How hackers can read your chats with ChatGPT or Microsoft Copilot

AI 3周前 admin
8 0 0

How hackers can read your chats with ChatGPT or Microsoft Copilot

What information can be extracted from intercepted AI chatbot messages?
可以从截获的 AI 聊天机器人消息中提取哪些信息?

Naturally, chatbots send messages in encrypted form. All the same, the implementation of large language models (LLMs) and the chatbots built on them harbors a number of features that seriously weaken the encryption. Combined, these features make it possible to carry out a side-channel attack when the content of a message is restored from fragments of leaked information.
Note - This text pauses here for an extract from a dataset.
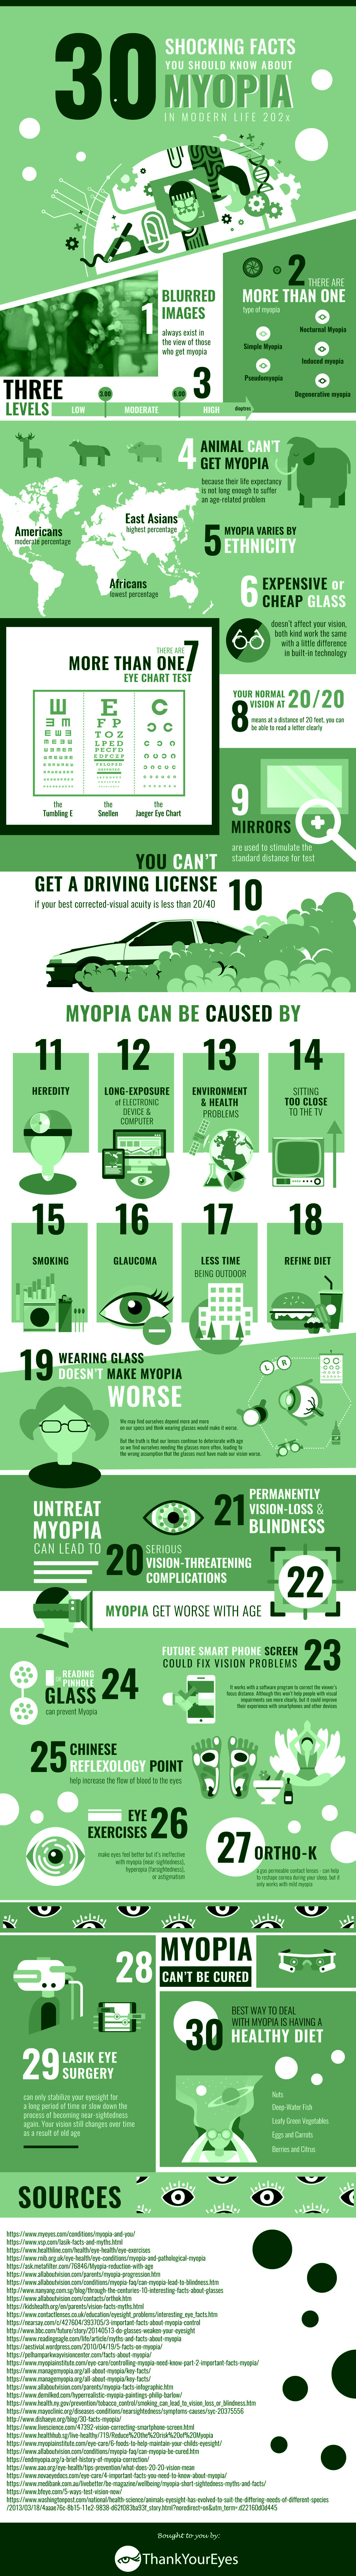 Facts-About-Myopia-Infographic

To understand what happens during this attack, we need to dive a little into the details of LLM and chatbot mechanics. The first thing to know is that LLMs operate not on individual characters or words as such, but on tokens, which can be described as semantic units of text. The Tokenizer page on the OpenAI website offers a glimpse into the inner workings.
要了解这次攻击期间会发生什么,我们需要深入研究聊天机器人机制的细节LLM。首先要知道的是,LLMs不是对单个字符或单词本身进行操作,而是对标记进行操作,标记可以被描述为文本的语义单元。OpenAI 网站上的 Tokenizer 页面提供了对内部工作原理的一瞥。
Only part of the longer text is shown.